Among the major cultural differences between life in downtown Chicago and a prairie town of 1,500 people (population, ethnic food, lack of diversity, etc.) lie a few more insignificant quirks. Everybody knows each other. The same woman has been working at the grocery store since I was a child, my best friends’ parents run many of the businesses in town, people I don’t even recognize call me by name when I see them at the library. And because of this connectedness, one cannot simply mail a package or buy the newspaper or stop in to the butcher for a round tip steak without answering a line of questioning that always began with:

“How is your Dad doing?”

What began as a gentle and compassionate question over time became draining. As my dad’s condition worsened, especially in the last year, I began dreading this question, always bracing myself for the inevitable. I started to wish that these sweet, well-meaning people would stop inquiring about our precious and fragile life five miles outside of town. I didn’t want to talk to anyone, I didn’t want to see my grade school teacher at the bank or chat with someone at the grocery store about my dad being on hospice.

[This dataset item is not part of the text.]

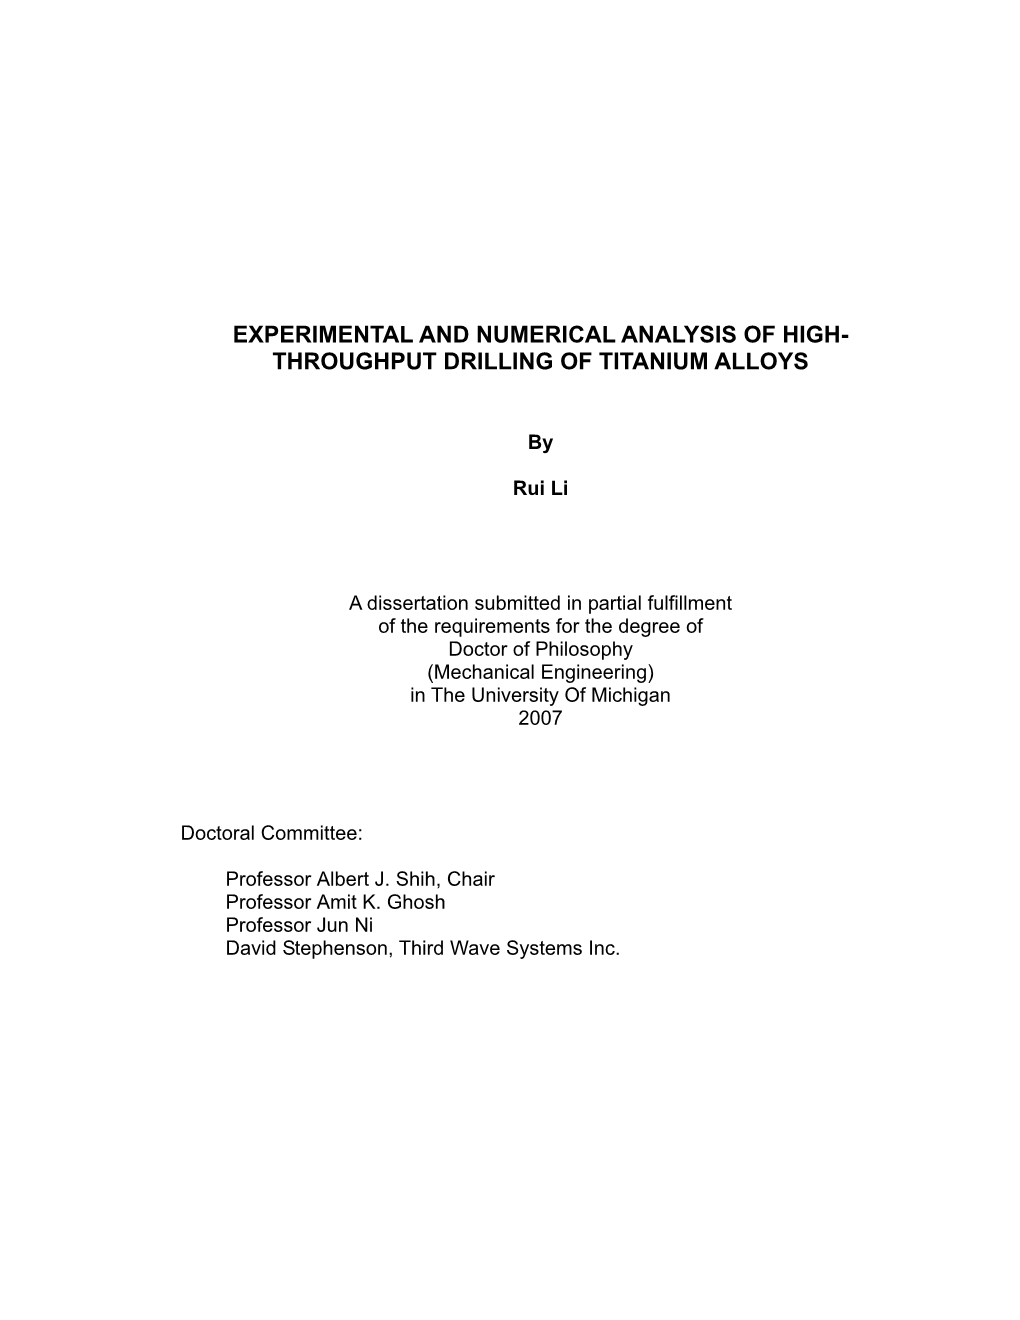 Experimental and Numerical Analysis of High-Throughput Drilling Of

I began channeling the poem The Art of Disappearing by Naomi Shihab Nye, especially when at the grocery store.

When someone recognizes you in a grocery store
nod briefly and become a cabbage.
When someone you haven’t seen in ten years
appears at the door,
don’t start singing him all your new songs.
You will never catch up.

Walk around feeling like a leaf.
Know you could tumble any second.
Then decide what to do with your time.

And now that he’s gone, the questions continue. “How are you doing? How is your mom? Will you stick around town for a while?”

As I practice my cabbage transfiguration, I will be true to myself. As I think about what it feels like to be a leaf, I will begin to be free. And as I continue in this life, I will think about the ways I am present and compassionate with the people I encounter on our shared journey of grief.